The chatbot can derive personal information based on conversations
The manner in which one speaks can reveal a lot about a person, especially when talking to a chatbot. Researchers in Zurich have shown that large-scale language models are able to infer personal information from large collections of unstructured text (e.g. public forums or social network posts).
Since large language models are trained on enormous amounts of data, they have learned different dialects and expressions related to locations and demographics. Such patterns allow a language model to make assumptions about a person based on what they write, without the person being aware of it. For example, if a person writes in a conversation that they just missed the morning tram, the model can infer that the person is in Europe, where trams are common and because it is morning in Europe at that time. Similarly, the model can pick up and combine many seemingly innocuous clues, such as where a person lives, gender, age and ethnicity.
The researchers conclude that today’s large language models can extract personal data to an extent that was previously not possible and that there is an urgent need to develop more effective mechanisms to protect user privacy.
- Will this ability to infer personal data be used for targeted advertising or to defraud individuals?
How to safeguard the right to erase or correct
In some cases, one can demand that personal data be deleted. This is called the “right to be forgotten”. Language models can hallucinate or make mistakes, including about individuals, such as the law professor in California who was accused of sexual harassment, or the politician Schaake who was alleged to be a terrorist. This type of false personal data is naturally information one would want removed.

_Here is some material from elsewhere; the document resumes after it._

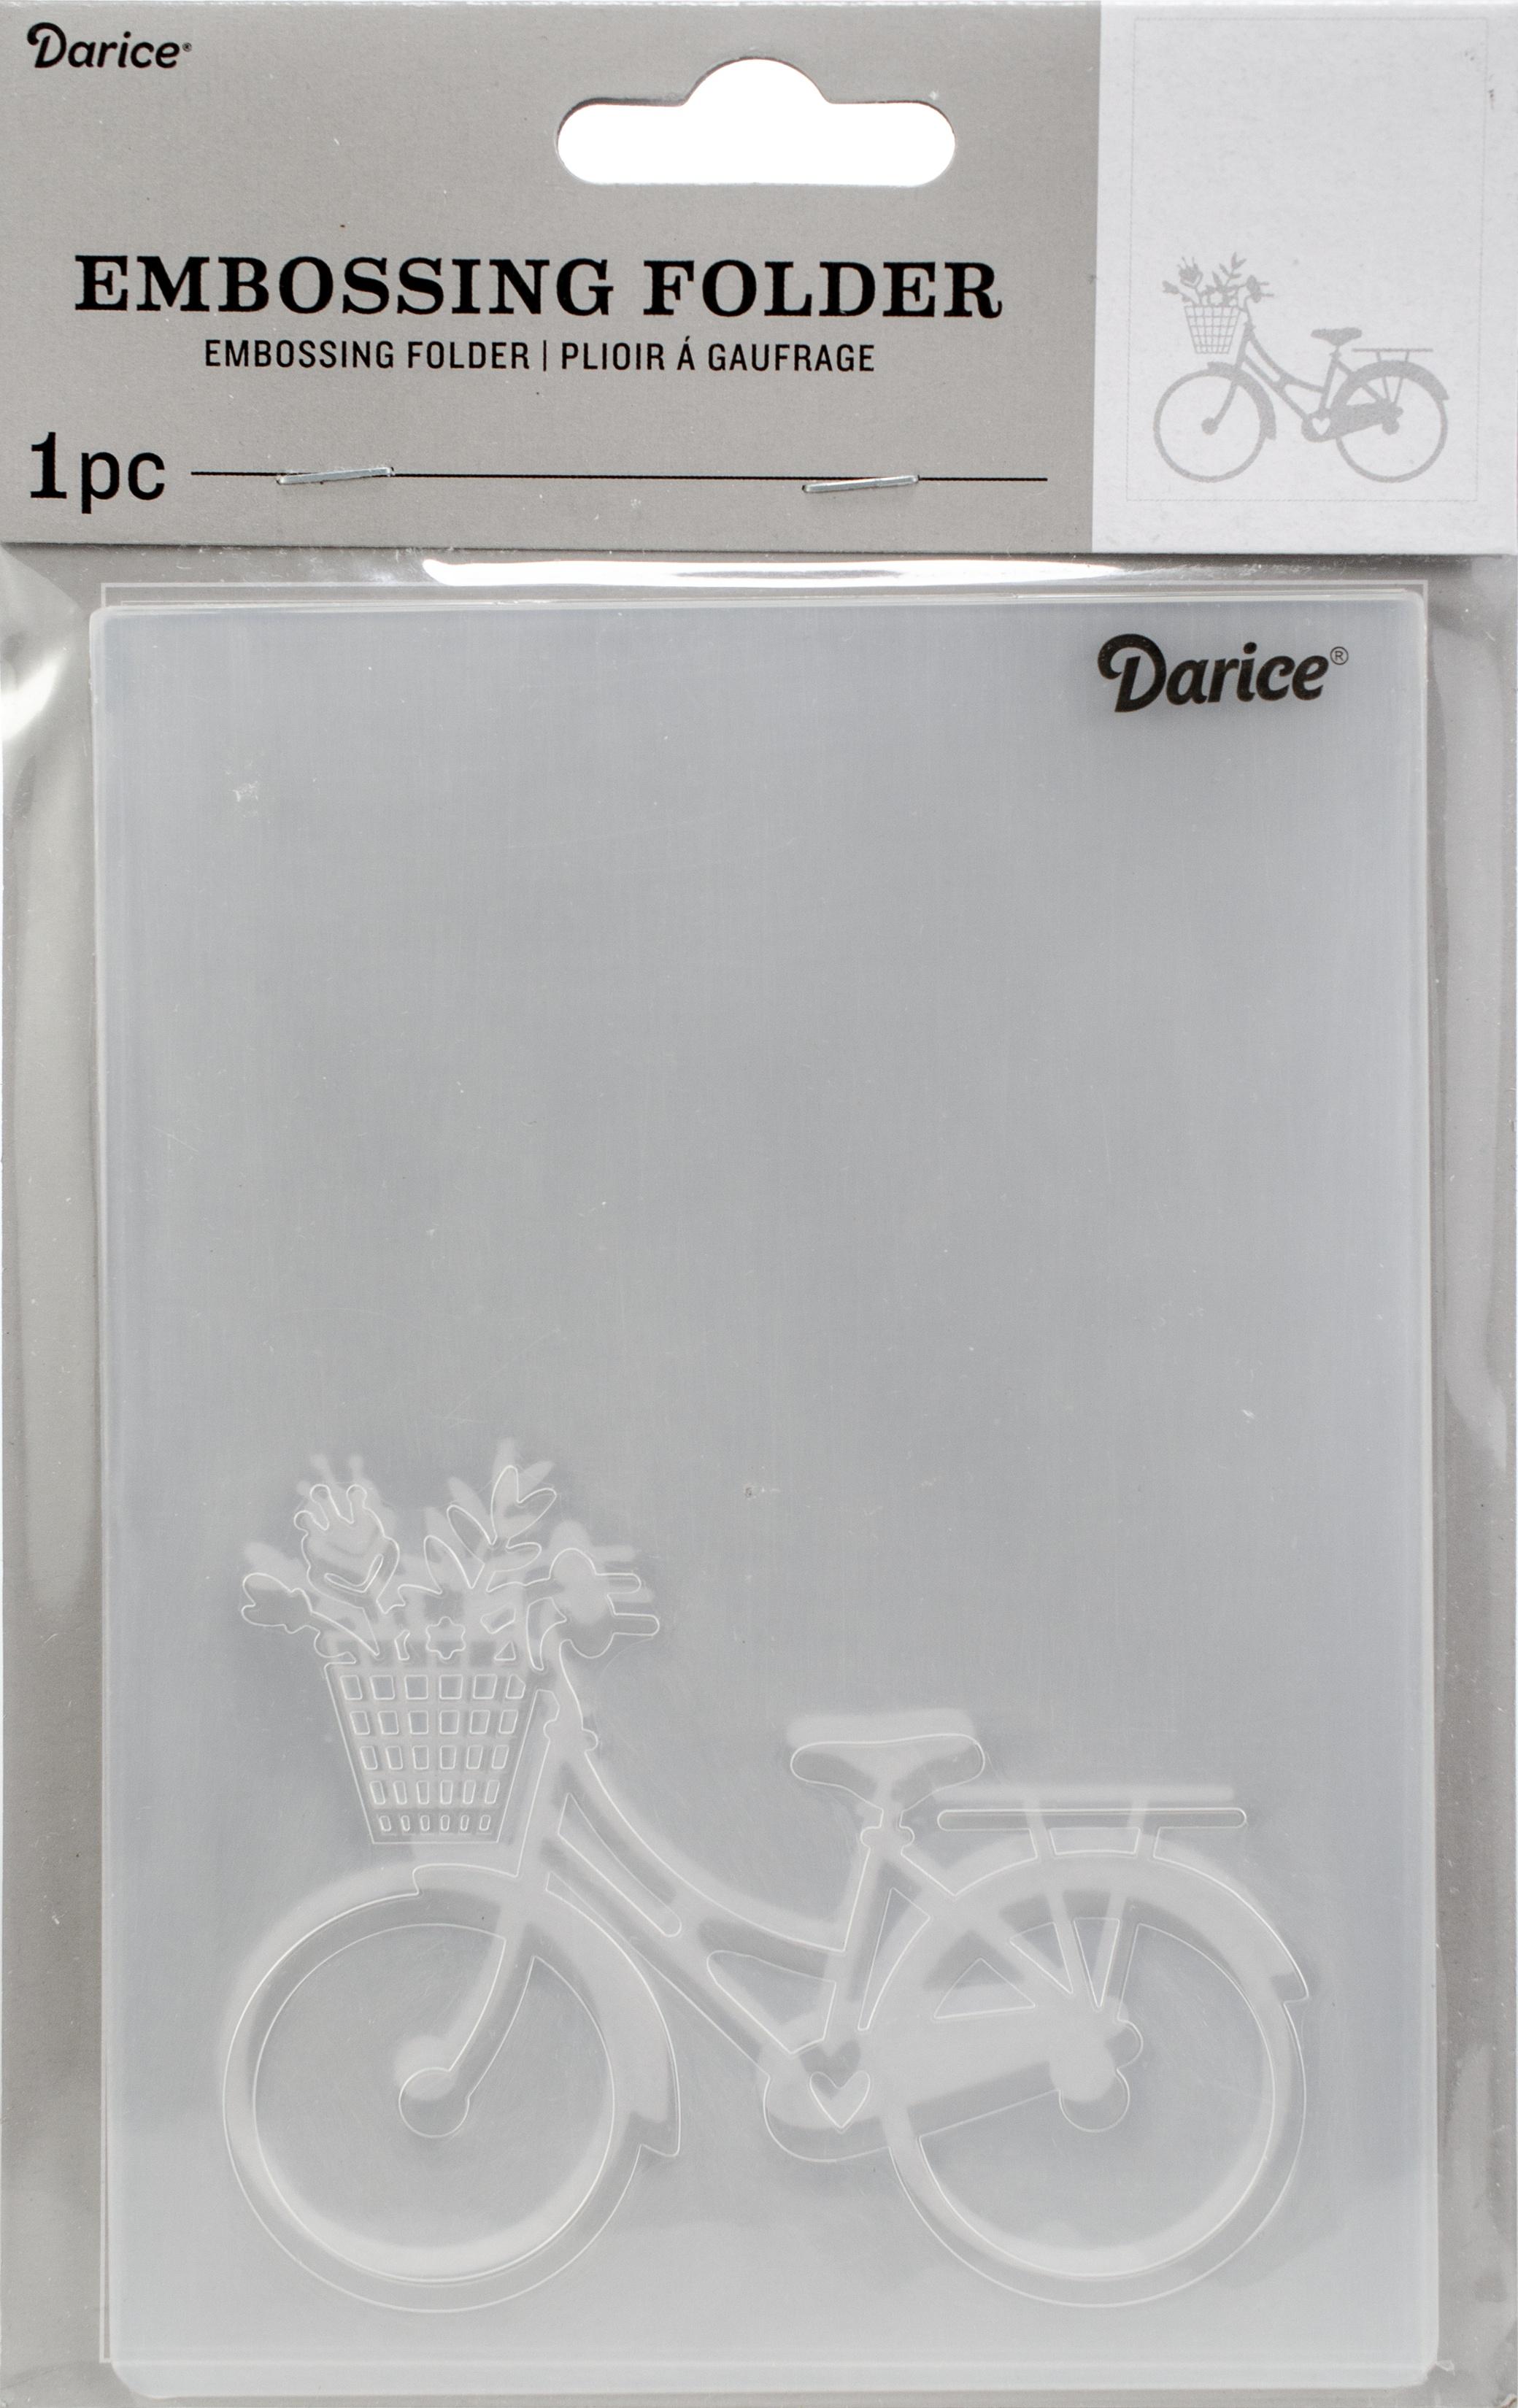 Darice bicycle folder

Yet, correcting or deleting data in a language model is difficult. The data is not stored anywhere, such as a conventional database. Language models learn by recognizing patterns in training data, and use the patterns to create new content. If personal data is included in the language model, it is part of the training and deleting the data itself does not help. Microsoft describes this as removing an ingredient from a baked cake.

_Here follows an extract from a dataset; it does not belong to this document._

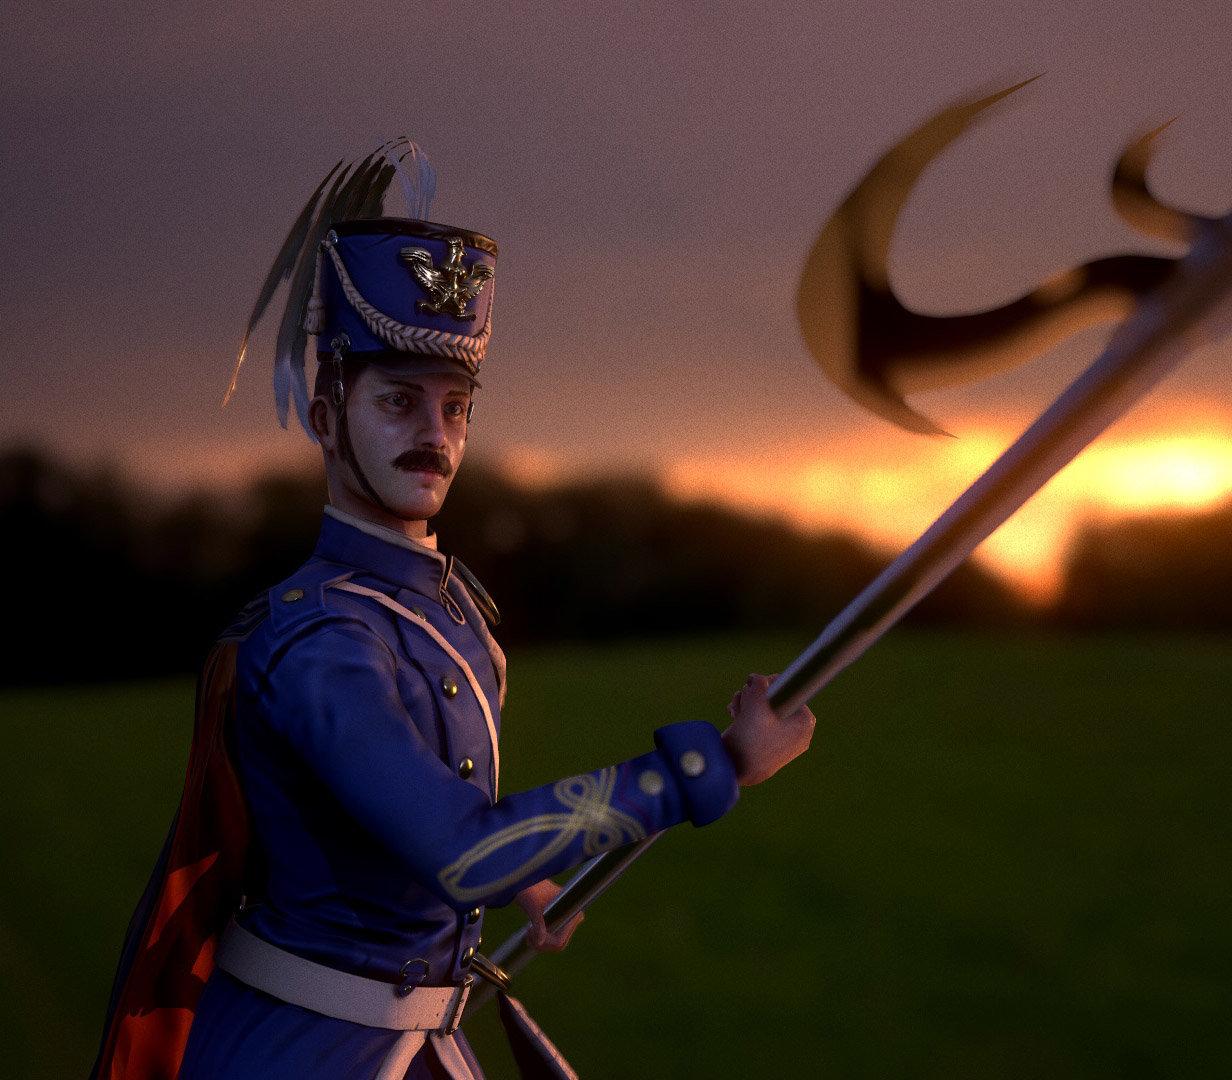 Luis santander soldier 2

“Machine unlearning” – i.e. techniques for removing data without compromising the performance and quality of the AI model – has become a research topic. Microsoft is among those working on unlearning techniques and has succeeded in unlearning information about Harry Potter from its language model. However, the field remains very immature.
- Is it even realistic to demand the right to be forgotten?
- What responsibility do companies have if their chatbots and language models generate false personal data?